Figs. 5 and 6 illustrate the changes in volatile compounds of non-added milk beverage supplemented with coffee (NC), caramel flavoring (FC), or caramel flavor microcapsules (CC) under 30°C accelerated conditions. In the GC-chromatogram presented in Fig. 5, it is revealed that the main volatile compound of caramel flavor can be detected at 14.5 min. As shown in Fig. 5D–F, the caramel flavor was not detected upon initial and after 15 d-of storage; however, the detection of the flavor was confirmed at the 9th storage day in CC. More detailed release properties of the volatile compounds during storage are provided in Fig. 6. The FC possessed a high amount of volatile compounds at the initial time point; however, the peak area of the volatile compounds rapidly decreased during storage, and the amount of caramel flavor reached zero at the 12th storage day. Moon and Cho (1999) reported that roasted coffee flavor was exponentially degraded during storage, and this is in agreement with the result of the present study. In the case of CC, the volatile compounds were detected at low levels at the initial time point. The peak area gradually increased, and the highest peak area was observed at the 9th storage day. After this time point, the peak area gradually decreased.

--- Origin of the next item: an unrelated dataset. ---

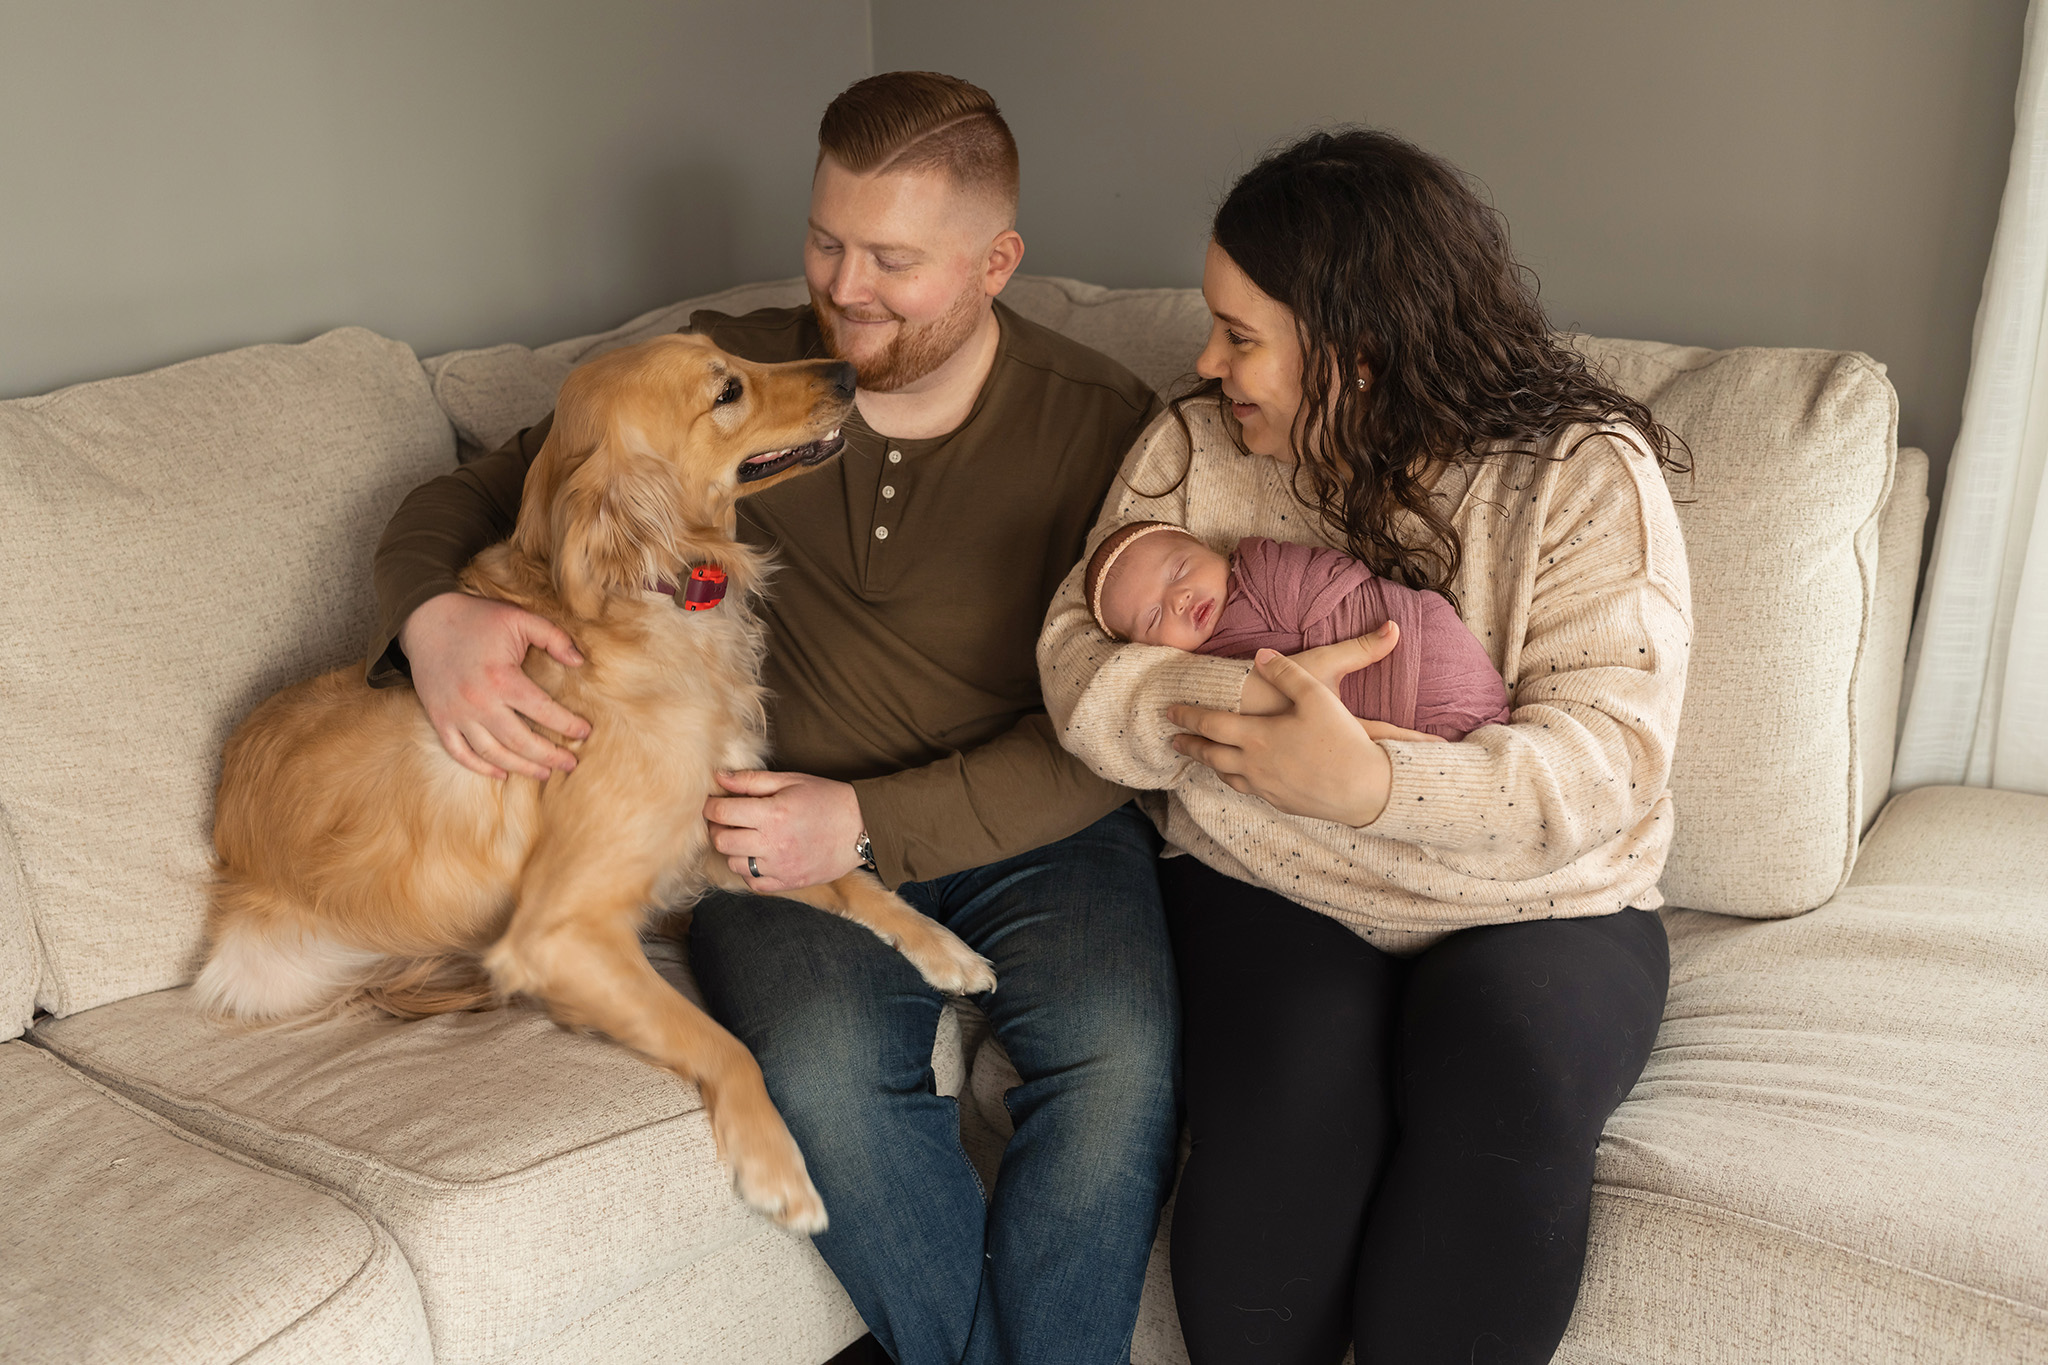 A golden retriever smiles while sitting on a couch with mom and dad with their newborn baby girl
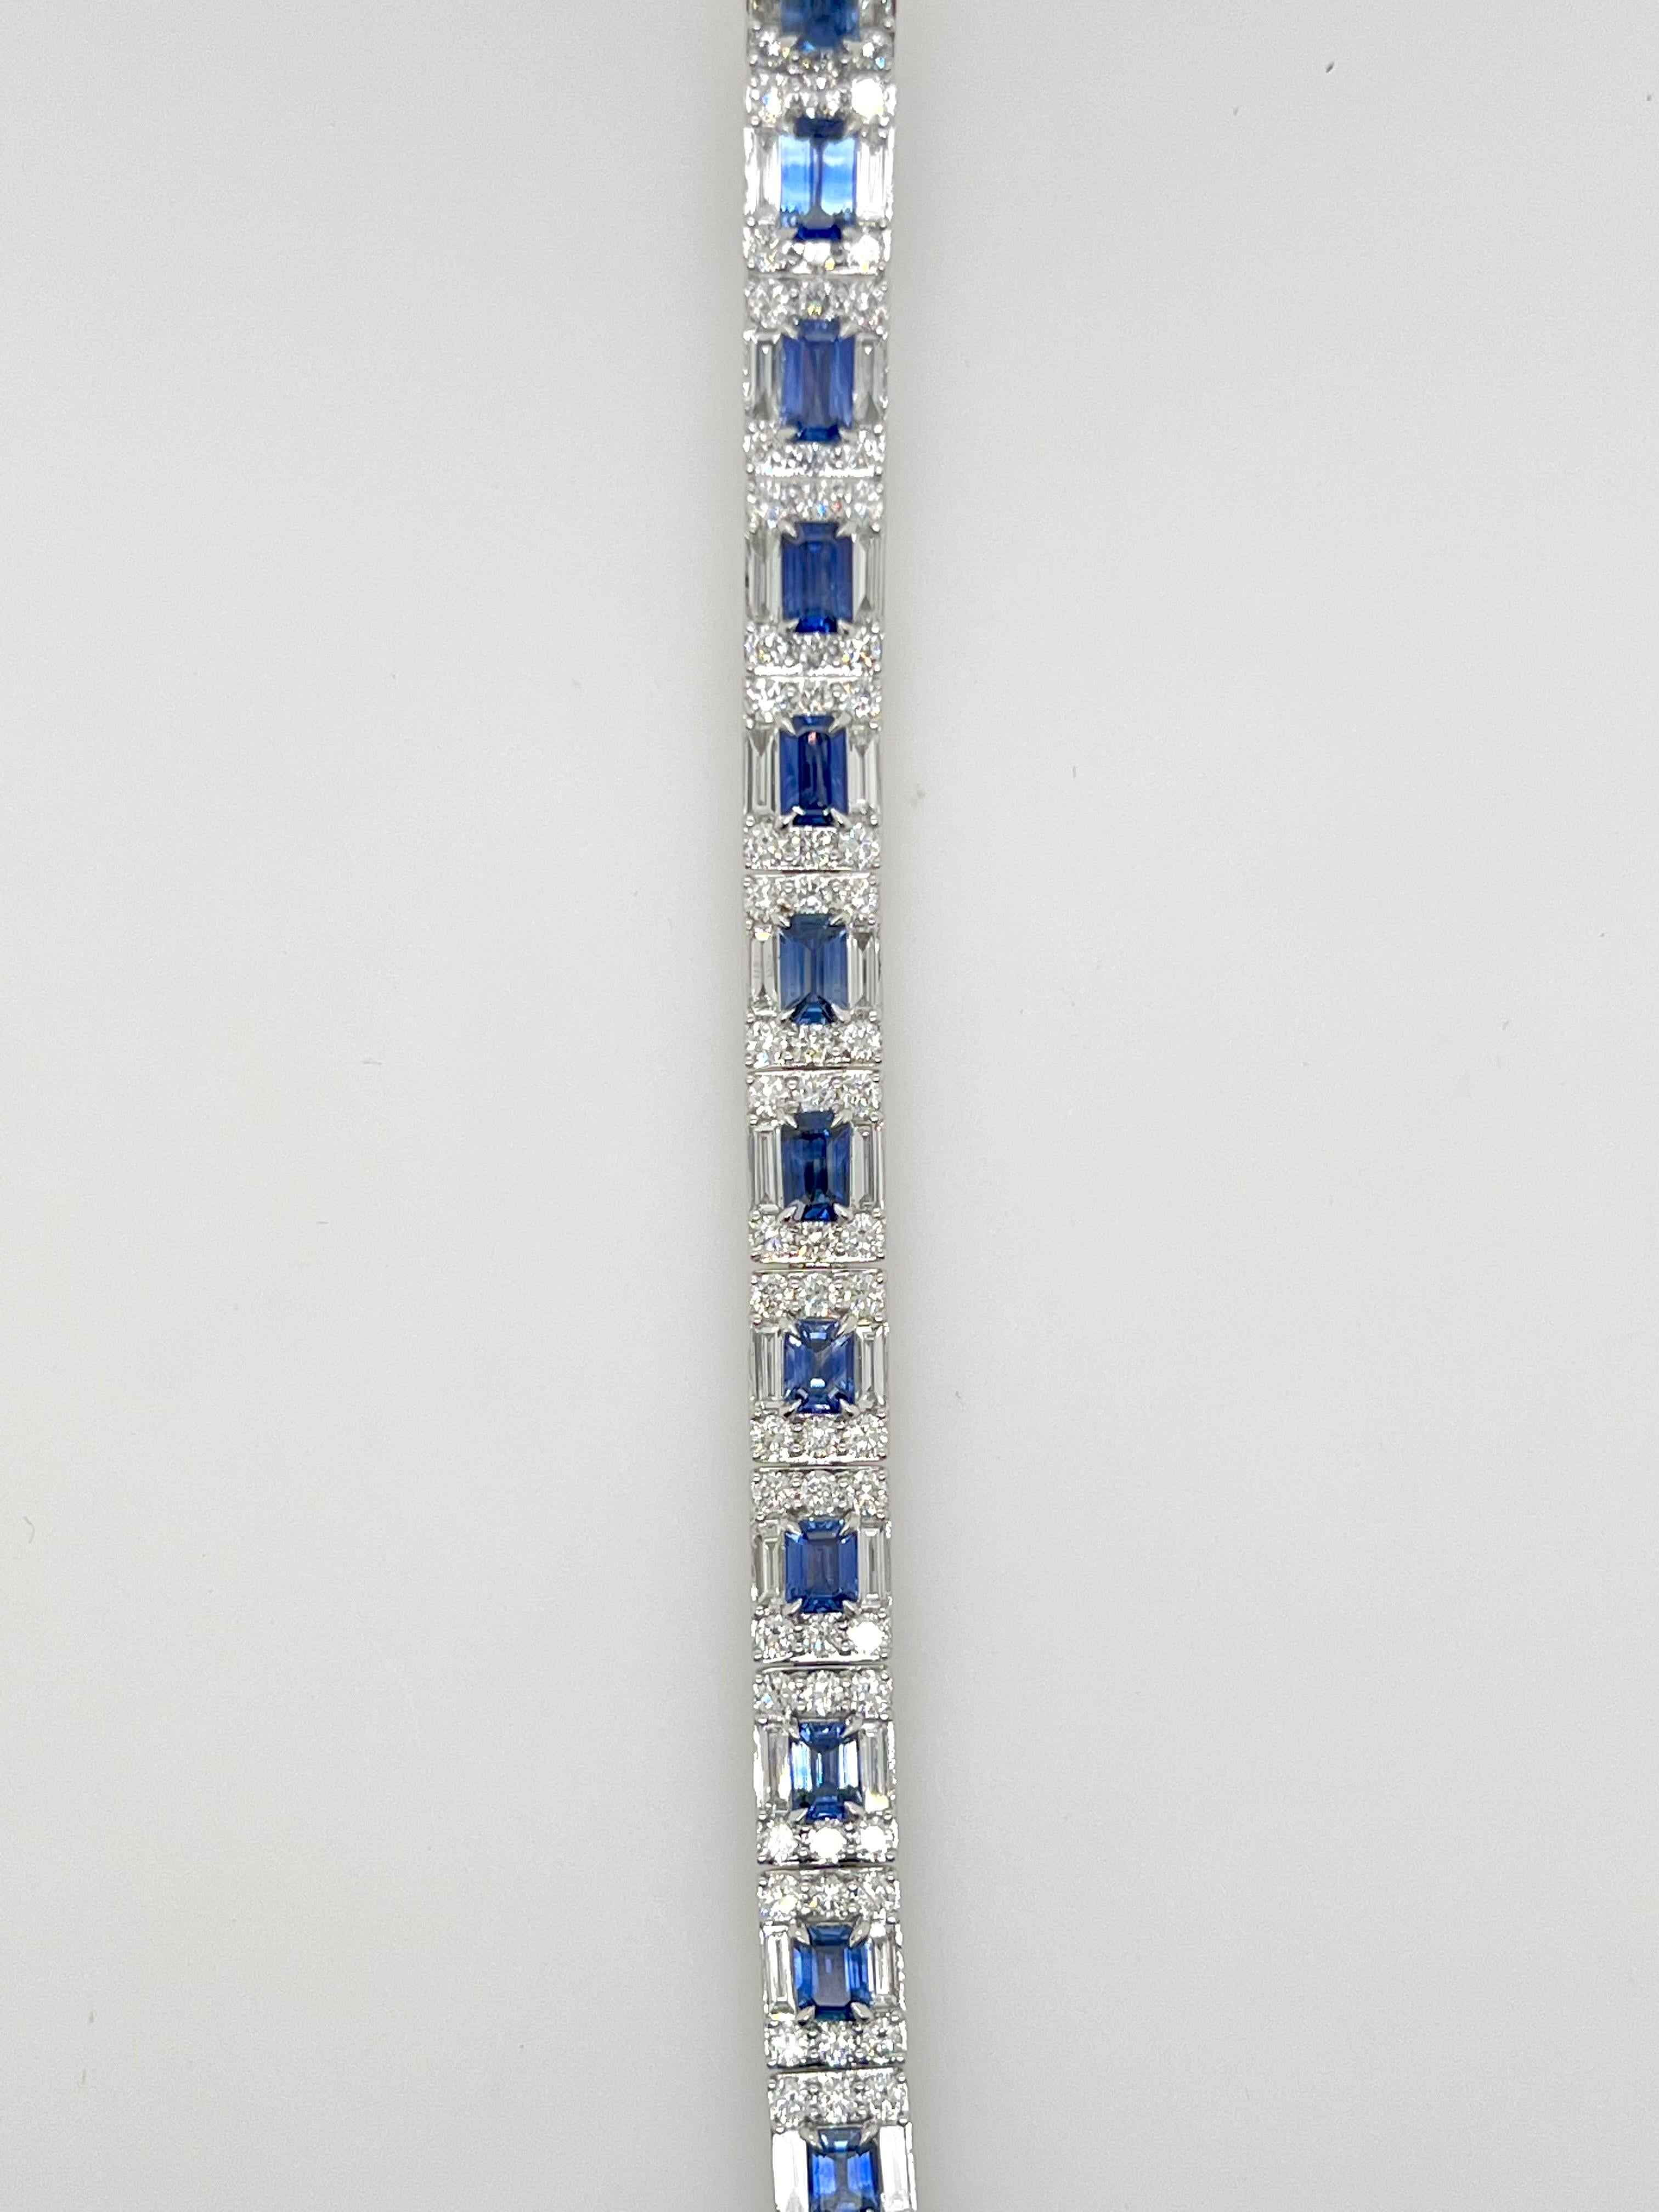 Absolutely gorgeous!  This handmade platinum bracelet is made up of emerald cut, blue sapphires and round brilliant and baguette diamonds.  A more sophisticated design, the versatile bracelet is perfect for smart causal or important events.  The

As mentioned above, Sievetz and Desroier (1980) stated that the degradation of coffee flavor is related to oxygen, temperature, and moisture. Radtke and Pringer (1981) observed that fresh coffee flavor could last approximately 2 wk at 21°C in the presence of oxygen, which is similar to the results of our study. Additionally, microencapsulation is known to preserve core material from unwanted environmental conditions (Roshan et al., 2016). Given this, it is likely that the encapsulated caramel flavor was effectively protected from head-space oxygen by microencapsulation, and this could contribute to prolonging coffee flavor.
In this study, the microencapsulated caramel flavor exhibited sustained release and was protected from oxygen, and the microcapsules that contained sample could maintain coffee flavor for a longer period than the control. Therefore, it is likely that the encapsulated caramel flavor sample could maintain its flavor for a longer period under normal refrigerated conditions.
This study suggested a method using microencapsulation technology to ameliorate the quality of coffee beverages by increasing the retention of the coffee flavor. The in vitro release characteristics of the capsules, which were rapidly released into the simulated intestinal environment, were confirmed. Additionally, the microencapsulated flavors, when added to beverages, exhibited properties of sustained release during storage. Based on the results from the present study, the microencapsulation of flavor and addition of these microcapsules to coffee beverages was effective for prolonging flavor retention and improving the quality of the beverages. The physicochemical properties of the capsules, however, require further study prior to their use in coffee beverages.